_EXTRACTED MATERIAL:_

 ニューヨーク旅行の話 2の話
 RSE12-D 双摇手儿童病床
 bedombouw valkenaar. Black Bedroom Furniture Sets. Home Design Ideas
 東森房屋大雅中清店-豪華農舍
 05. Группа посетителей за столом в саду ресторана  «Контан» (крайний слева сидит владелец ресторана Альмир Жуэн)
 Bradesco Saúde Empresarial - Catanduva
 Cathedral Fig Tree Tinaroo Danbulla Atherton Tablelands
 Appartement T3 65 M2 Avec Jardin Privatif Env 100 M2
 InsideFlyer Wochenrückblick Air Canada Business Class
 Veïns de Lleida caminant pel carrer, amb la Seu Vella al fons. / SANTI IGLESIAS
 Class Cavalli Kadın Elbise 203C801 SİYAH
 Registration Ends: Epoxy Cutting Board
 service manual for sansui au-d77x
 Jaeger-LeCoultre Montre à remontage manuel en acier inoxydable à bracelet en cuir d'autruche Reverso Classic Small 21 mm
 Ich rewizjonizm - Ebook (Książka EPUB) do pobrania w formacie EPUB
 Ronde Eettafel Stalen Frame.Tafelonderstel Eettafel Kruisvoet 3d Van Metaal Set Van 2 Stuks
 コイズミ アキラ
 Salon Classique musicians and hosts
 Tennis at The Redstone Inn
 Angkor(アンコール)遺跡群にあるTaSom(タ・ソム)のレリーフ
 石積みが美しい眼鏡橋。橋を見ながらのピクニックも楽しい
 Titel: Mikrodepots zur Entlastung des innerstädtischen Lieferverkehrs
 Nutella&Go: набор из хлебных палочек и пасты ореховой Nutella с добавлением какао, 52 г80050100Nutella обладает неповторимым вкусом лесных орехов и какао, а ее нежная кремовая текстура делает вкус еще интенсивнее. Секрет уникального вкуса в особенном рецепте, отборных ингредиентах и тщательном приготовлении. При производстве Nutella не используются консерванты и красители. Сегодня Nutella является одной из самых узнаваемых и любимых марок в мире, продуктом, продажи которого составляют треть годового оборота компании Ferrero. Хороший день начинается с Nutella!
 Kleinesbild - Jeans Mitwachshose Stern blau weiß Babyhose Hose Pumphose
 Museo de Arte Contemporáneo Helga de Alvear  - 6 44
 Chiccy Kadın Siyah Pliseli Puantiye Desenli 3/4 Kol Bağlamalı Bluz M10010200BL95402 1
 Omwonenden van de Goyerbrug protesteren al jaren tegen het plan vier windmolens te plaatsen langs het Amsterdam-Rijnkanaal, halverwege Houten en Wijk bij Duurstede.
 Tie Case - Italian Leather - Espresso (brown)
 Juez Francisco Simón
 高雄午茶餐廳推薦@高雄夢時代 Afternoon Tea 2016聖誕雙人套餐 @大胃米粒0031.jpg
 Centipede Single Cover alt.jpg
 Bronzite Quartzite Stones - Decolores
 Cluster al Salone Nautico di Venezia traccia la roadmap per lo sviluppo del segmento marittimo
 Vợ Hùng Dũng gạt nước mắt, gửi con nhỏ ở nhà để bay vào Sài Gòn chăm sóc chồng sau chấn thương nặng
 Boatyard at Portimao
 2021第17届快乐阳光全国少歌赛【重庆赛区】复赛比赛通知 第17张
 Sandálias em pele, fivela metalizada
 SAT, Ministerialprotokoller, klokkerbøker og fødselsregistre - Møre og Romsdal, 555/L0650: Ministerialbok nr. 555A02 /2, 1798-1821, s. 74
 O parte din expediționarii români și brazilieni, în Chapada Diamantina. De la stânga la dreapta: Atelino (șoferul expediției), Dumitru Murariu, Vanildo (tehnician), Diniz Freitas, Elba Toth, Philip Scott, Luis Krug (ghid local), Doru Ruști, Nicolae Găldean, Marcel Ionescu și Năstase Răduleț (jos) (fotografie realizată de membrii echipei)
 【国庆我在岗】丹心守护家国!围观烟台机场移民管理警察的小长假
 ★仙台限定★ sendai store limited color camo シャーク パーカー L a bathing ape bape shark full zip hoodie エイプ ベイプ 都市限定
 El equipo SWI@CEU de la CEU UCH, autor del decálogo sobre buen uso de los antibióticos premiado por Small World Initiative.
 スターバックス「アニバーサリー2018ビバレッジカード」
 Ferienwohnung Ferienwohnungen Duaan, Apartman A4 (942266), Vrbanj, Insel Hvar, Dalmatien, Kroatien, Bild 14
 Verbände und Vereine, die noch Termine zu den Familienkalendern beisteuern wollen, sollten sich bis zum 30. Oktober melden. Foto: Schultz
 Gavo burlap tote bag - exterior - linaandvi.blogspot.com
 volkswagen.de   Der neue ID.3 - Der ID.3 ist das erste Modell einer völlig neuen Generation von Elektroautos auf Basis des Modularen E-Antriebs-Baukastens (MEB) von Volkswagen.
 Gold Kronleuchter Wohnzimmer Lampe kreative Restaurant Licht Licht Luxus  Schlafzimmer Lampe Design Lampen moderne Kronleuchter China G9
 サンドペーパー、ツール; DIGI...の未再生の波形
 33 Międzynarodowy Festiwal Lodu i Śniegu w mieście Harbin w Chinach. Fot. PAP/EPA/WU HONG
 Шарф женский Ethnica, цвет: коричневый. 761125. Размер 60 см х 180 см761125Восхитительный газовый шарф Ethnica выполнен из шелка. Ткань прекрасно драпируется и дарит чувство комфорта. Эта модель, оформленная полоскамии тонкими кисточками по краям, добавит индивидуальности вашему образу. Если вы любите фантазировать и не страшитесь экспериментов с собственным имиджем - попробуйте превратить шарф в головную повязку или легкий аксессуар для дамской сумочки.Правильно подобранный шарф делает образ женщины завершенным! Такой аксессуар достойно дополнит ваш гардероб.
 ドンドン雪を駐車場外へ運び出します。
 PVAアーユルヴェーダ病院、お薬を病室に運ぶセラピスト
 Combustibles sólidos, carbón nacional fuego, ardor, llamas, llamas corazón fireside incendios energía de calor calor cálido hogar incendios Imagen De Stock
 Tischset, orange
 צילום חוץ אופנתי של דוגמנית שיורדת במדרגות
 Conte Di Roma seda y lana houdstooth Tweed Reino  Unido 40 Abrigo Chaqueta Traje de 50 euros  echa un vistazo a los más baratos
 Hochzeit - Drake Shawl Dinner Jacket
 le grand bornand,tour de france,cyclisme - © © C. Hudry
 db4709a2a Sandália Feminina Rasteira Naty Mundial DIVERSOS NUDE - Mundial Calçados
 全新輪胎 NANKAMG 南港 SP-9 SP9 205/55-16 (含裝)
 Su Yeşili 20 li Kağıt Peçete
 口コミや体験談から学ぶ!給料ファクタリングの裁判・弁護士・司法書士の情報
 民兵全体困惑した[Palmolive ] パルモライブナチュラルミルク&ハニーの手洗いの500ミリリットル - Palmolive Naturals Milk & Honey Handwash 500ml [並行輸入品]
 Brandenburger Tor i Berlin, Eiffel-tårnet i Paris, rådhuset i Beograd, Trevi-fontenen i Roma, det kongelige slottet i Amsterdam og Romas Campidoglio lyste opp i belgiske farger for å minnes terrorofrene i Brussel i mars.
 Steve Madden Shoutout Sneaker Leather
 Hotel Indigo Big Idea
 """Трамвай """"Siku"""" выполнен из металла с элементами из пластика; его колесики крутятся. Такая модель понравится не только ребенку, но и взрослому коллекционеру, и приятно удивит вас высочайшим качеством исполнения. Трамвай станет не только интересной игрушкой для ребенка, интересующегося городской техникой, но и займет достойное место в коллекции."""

_PROBLEM TO WORK ON:_ Working from the entries above, find every line in which the word "Leather" occurs and copy it.

_EXERCISE RESULT:_
 Tie Case - Italian Leather - Espresso (brown)
 Steve Madden Shoutout Sneaker Leather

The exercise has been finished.